Iraj Pezeshkzad as a Social Critic: A Look at the Satirical Aspects of My Uncle Napoleon and Āsimūn Rīsmūn

Iraj Pezeshkzad as a Social Critic: A Look at the Satirical Aspects of My Uncle Napoleon and Āsimūn Rīsmūn

M. R. Ghanoonparvar

Arguably the most sophisticated Persian satirist of the 20th century, Iraj Pezeshkzad (1928-2022) occupies a unique position among modernist Persian writers for his talent as a literary artist and a humorist social critic.[1] Among post-World War II Persian works of fiction, few novels can be found that have been able to attract the attention of the Iranian public, that is, both the educated, including the smaller percentage who read books, as well as everyday people and even the illiterate, than Pezeshkzad’s Da’i Jan Napelon (translated into English as My Uncle Napoleon).[2] The illiterate, of course, throughout Iran became fans of the story, since a few years after its publication it was made into a most successful television serial directed by the well-known movie director, Naser Taqva’i.[3]

Perhaps the Persian phrase around which Pezeshkzad’s novel revolves and with which several generations of Iranians were familiar is “zīr-i sar-i īngīlīsīhāst” (“It is a British conspiracy”). With that phrase, many Iranians blamed the British for every true or untrue ill event, whether social, political, or even personal.

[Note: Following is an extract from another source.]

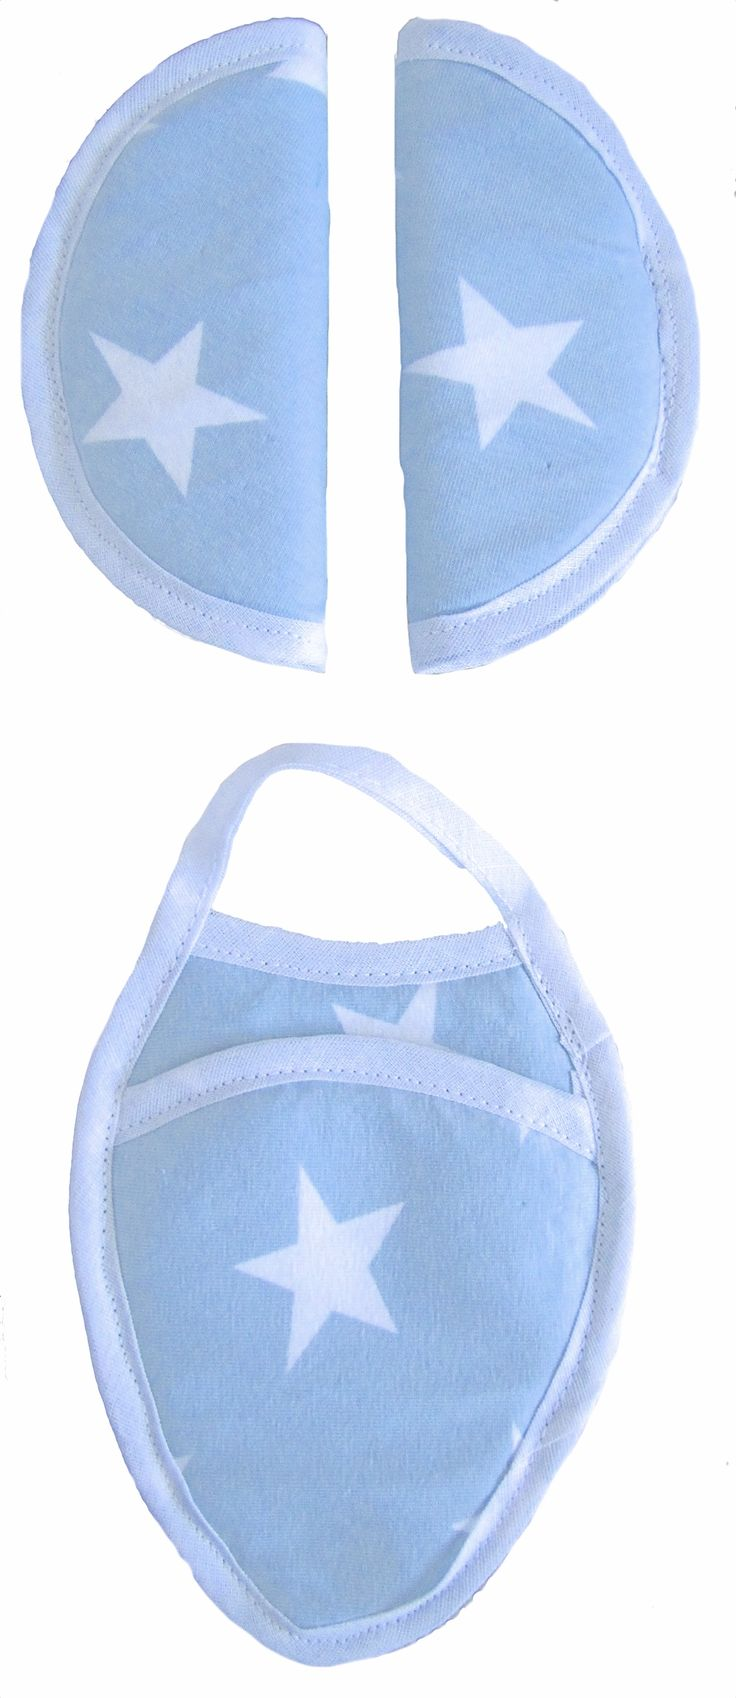 Maxi Cosi gordelbeschermers beltpad Ster Lichtblauw strap cover gurtpolster car seat >> https://www.stoelsprookjes.nl/c-3077820/gordelbeschermers/

Regarding the social and political roots of such a belief, much has been written, both in connection with this novel by literary critics and in other contexts by social and political historians, which is beyond the scope of this discussion.[4] Of interest here is how Pezeshkzad, by creating the character of Uncle Napoleon, casts a critical glance at Iranian society through a satirical lens; paints a picture of the cultural and social climate of a particular era of Iranian history; contemplates the words, actions, lifestyle, and beliefs of his compatriots; and makes other Iranian readers ponder and wonder.[5]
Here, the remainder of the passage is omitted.